ACTIVITY: Images are to be excluded from the copy, and the records below reproduced word for word.

SUPPLIED MATERIAL section start

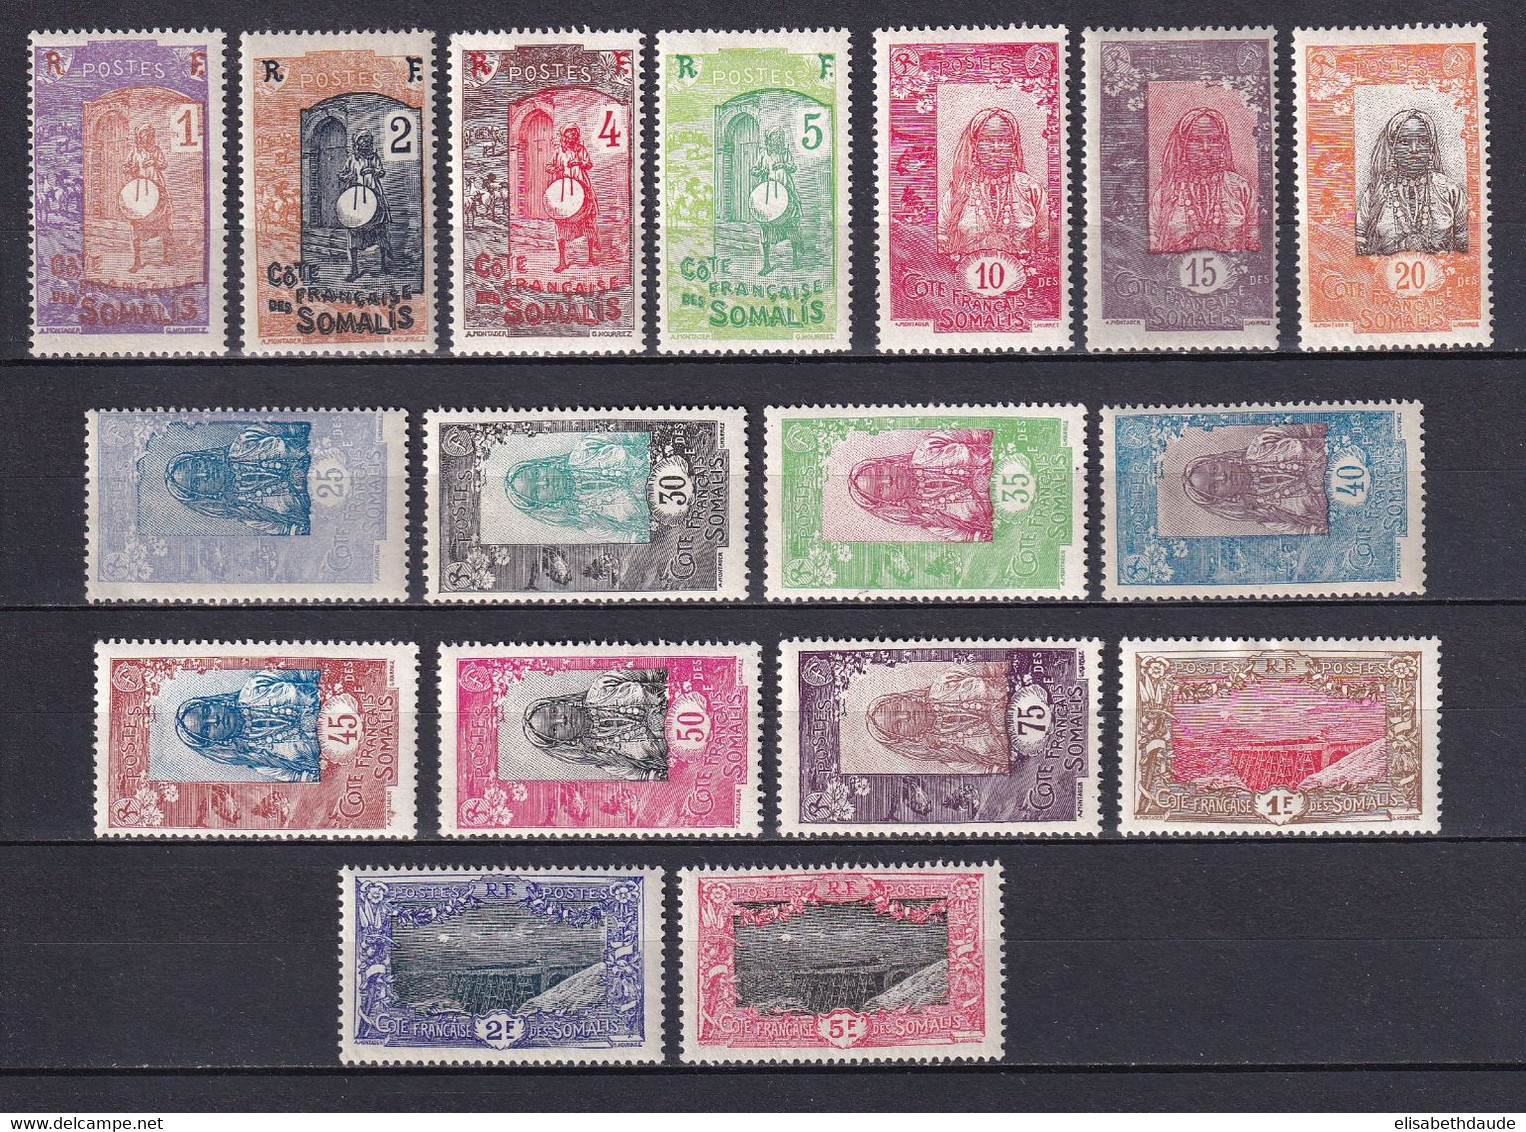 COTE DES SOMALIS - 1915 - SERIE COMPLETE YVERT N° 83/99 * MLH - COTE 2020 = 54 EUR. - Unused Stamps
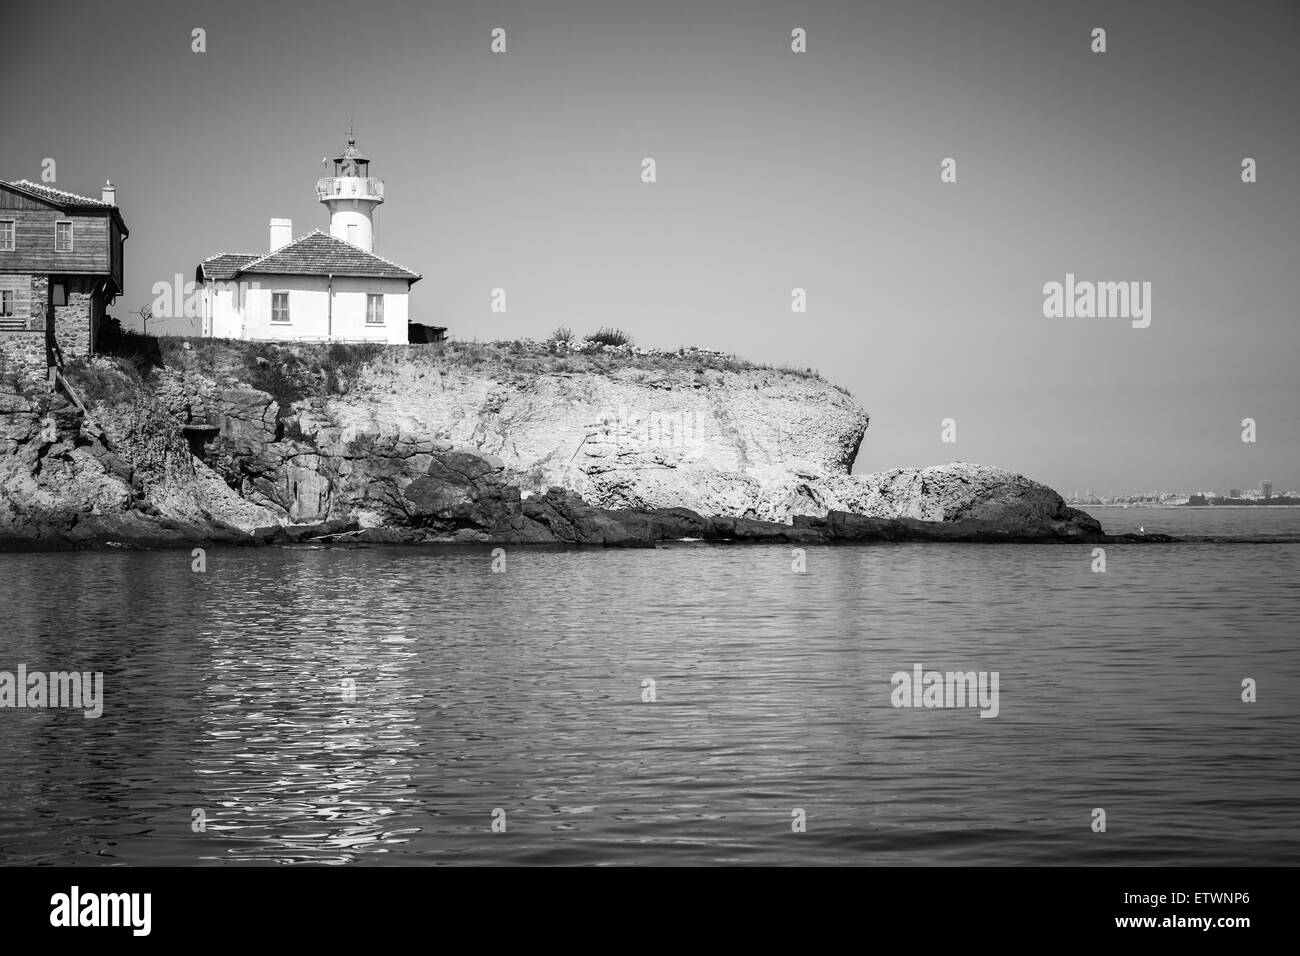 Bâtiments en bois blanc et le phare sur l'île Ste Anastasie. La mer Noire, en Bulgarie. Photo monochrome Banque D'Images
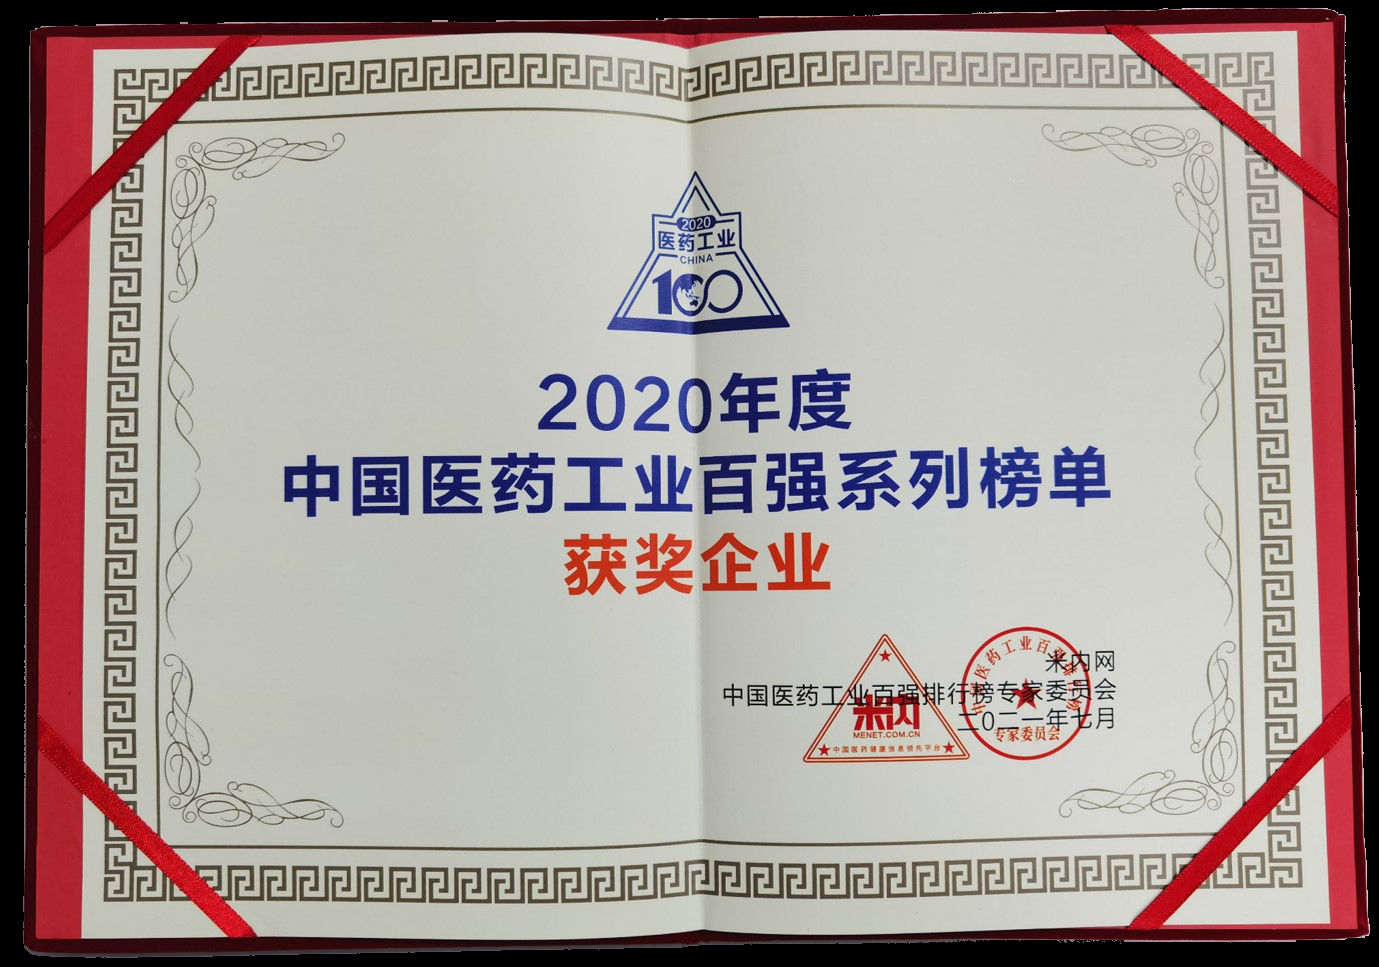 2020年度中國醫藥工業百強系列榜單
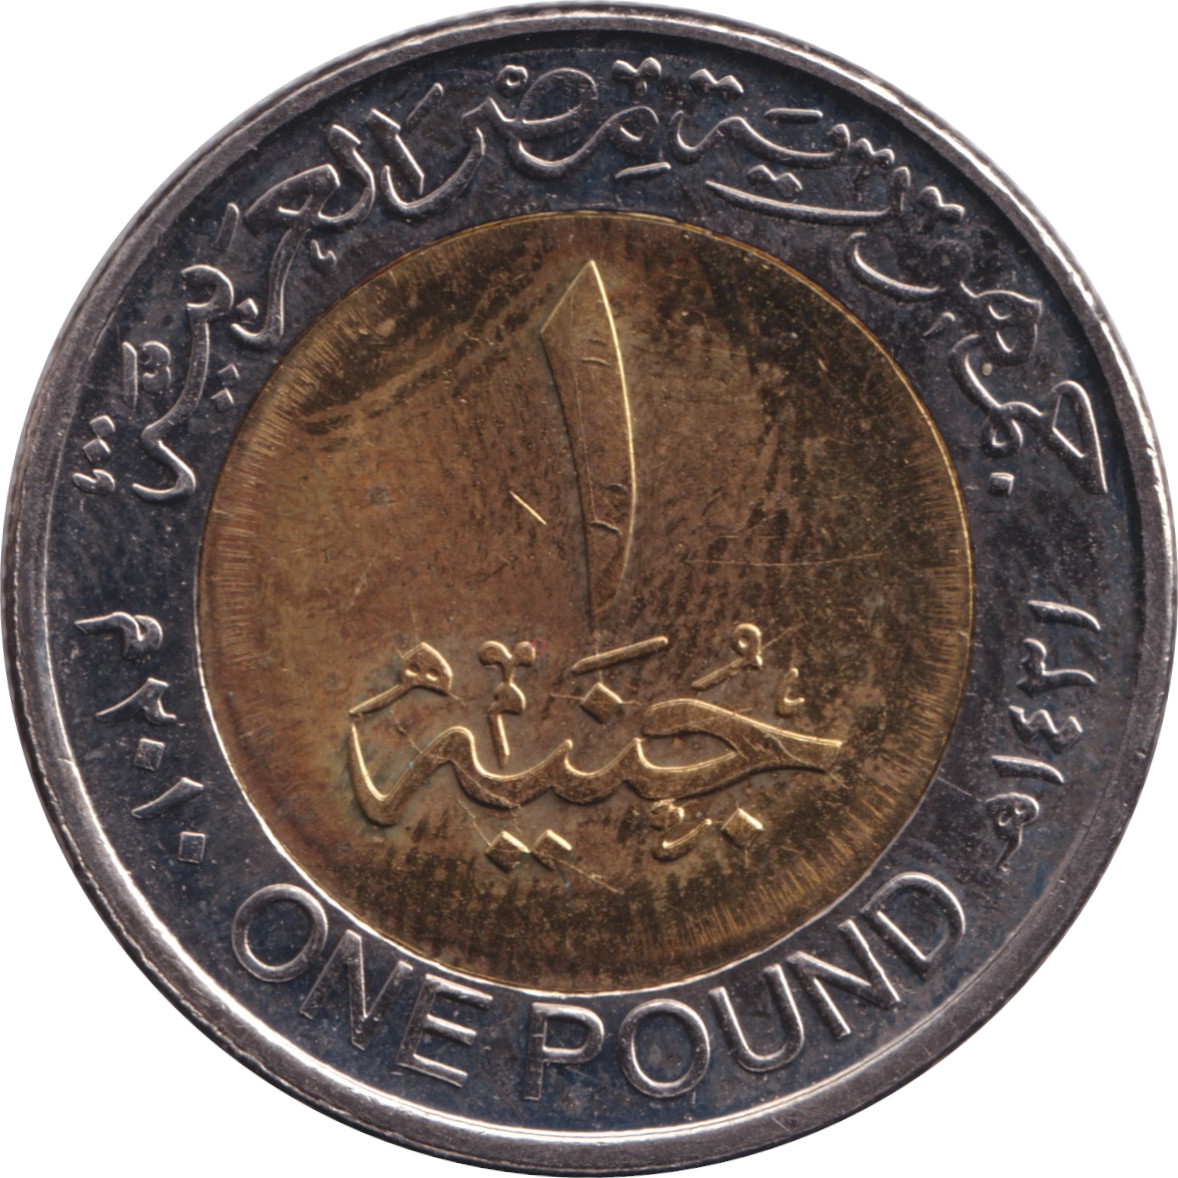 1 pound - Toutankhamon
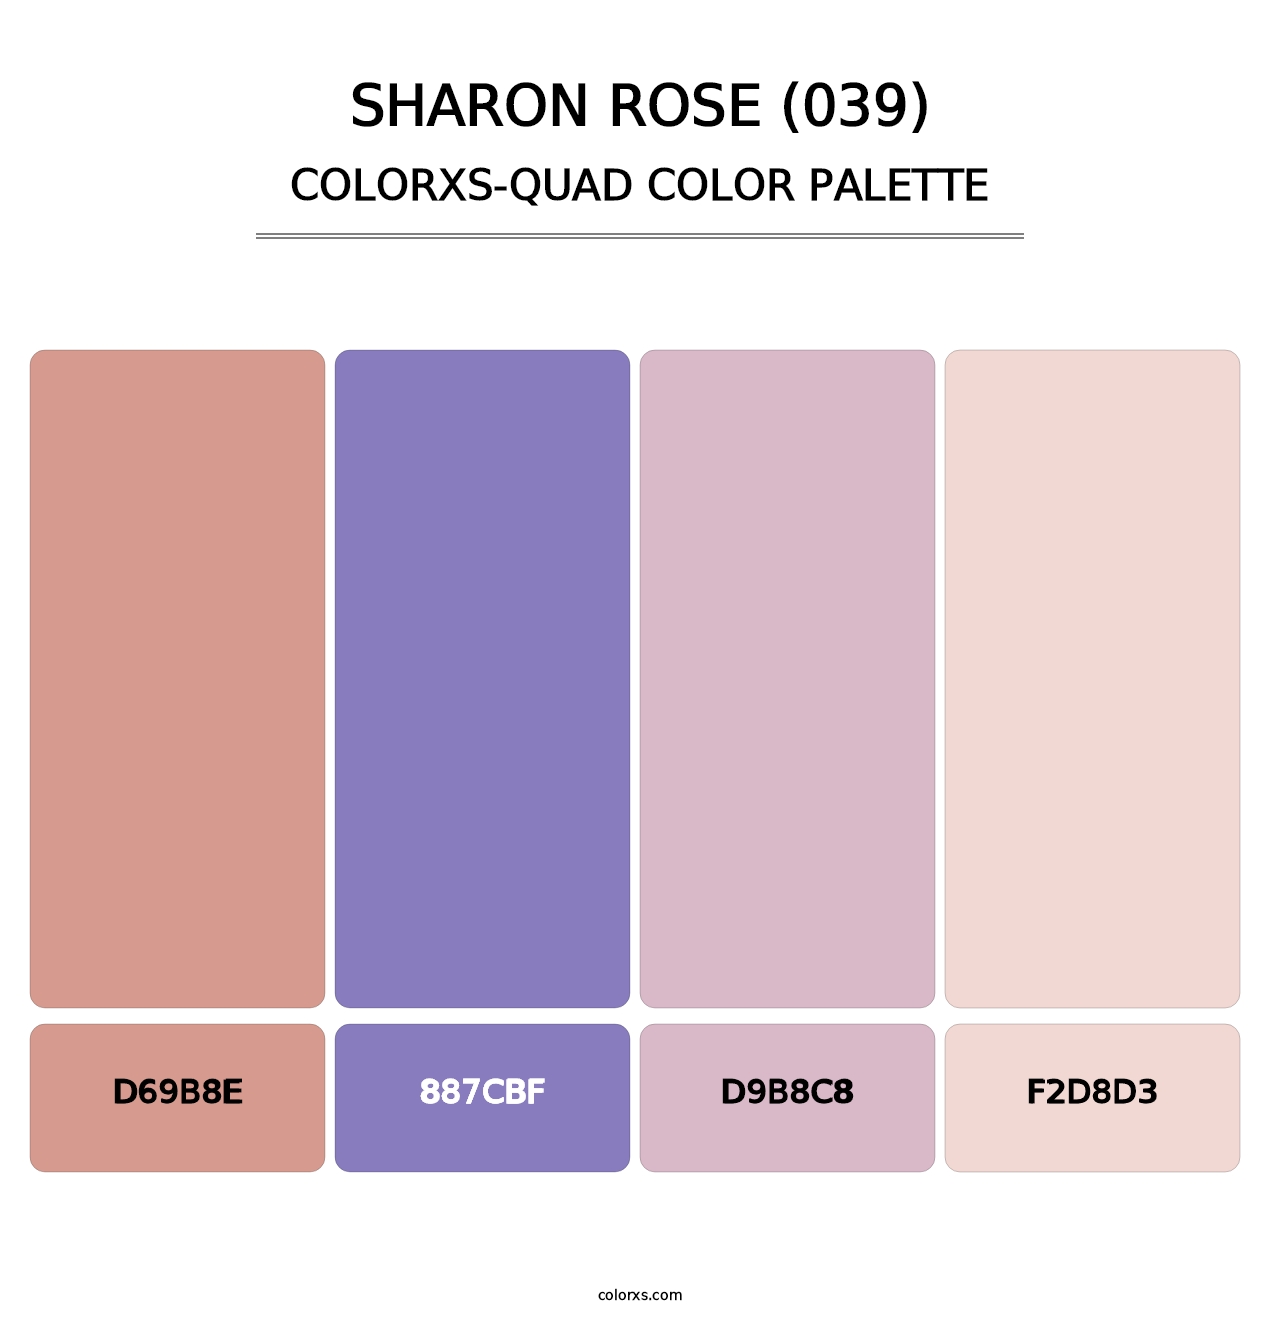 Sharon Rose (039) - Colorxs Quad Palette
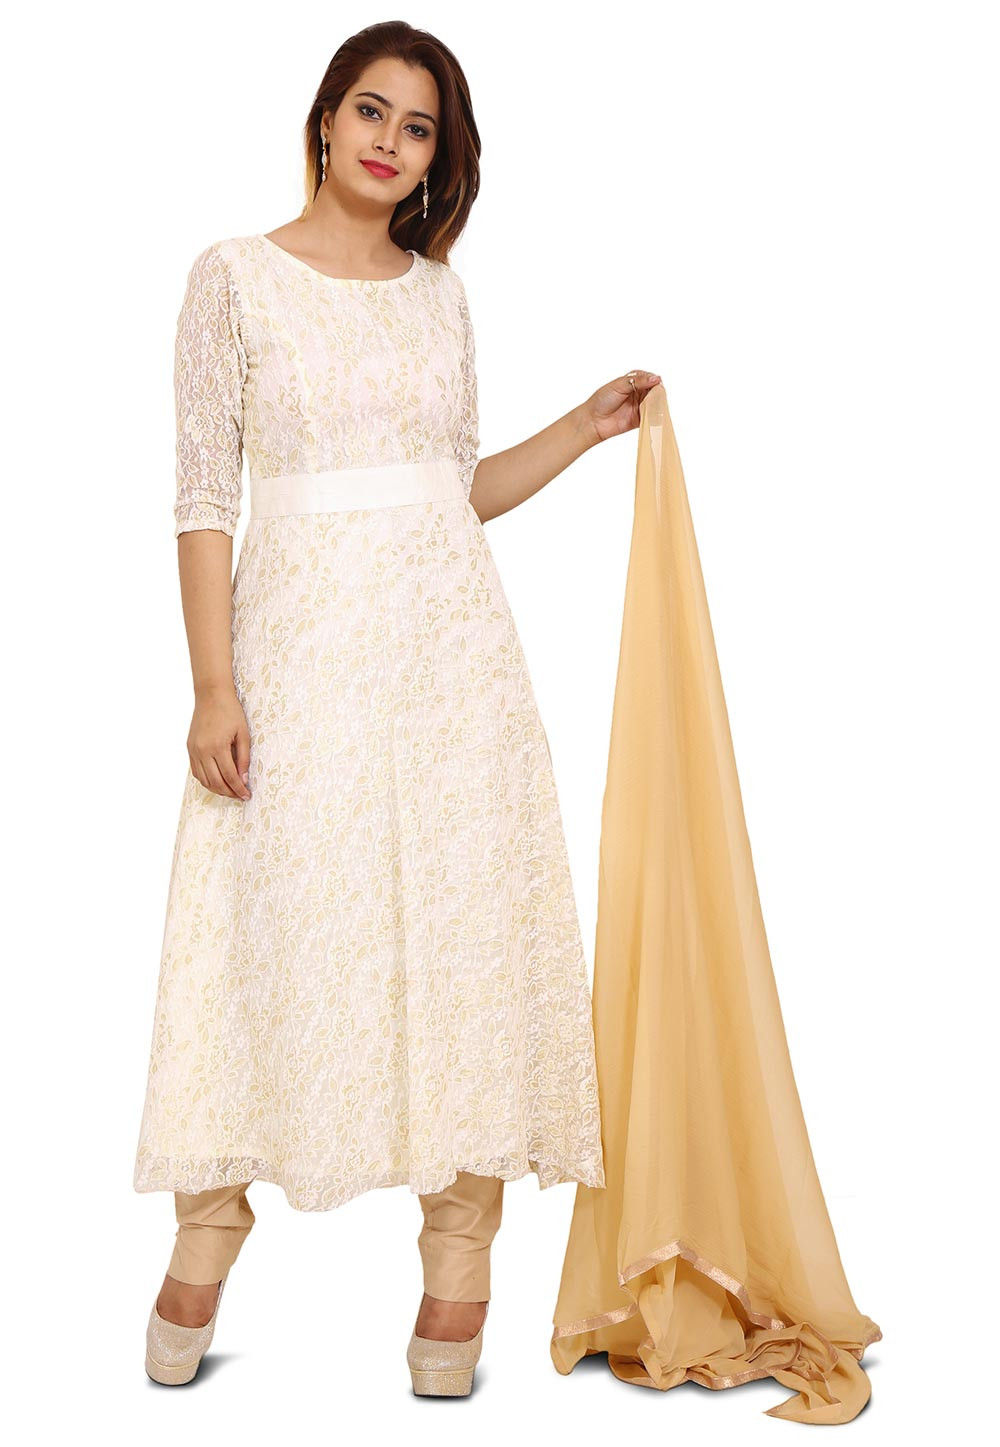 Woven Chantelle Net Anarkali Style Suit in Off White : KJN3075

SUPPLIED MATERIAL section end

RESULT:
 COTE DES SOMALIS - 1915 - SERIE COMPLETE YVERT N° 83/99 * MLH - COTE 2020 = 54 EUR. - Unused Stamps
 Bâtiments en bois blanc et le phare sur l'île Ste Anastasie. La mer Noire, en Bulgarie. Photo monochrome Banque D'Images
 2020年度中國醫藥工業百強系列榜單
 1 pound - Toutankhamon
 Sharon Rose (039) - Colorxs Quad Palette
 Woven Chantelle Net Anarkali Style Suit in Off White : KJN3075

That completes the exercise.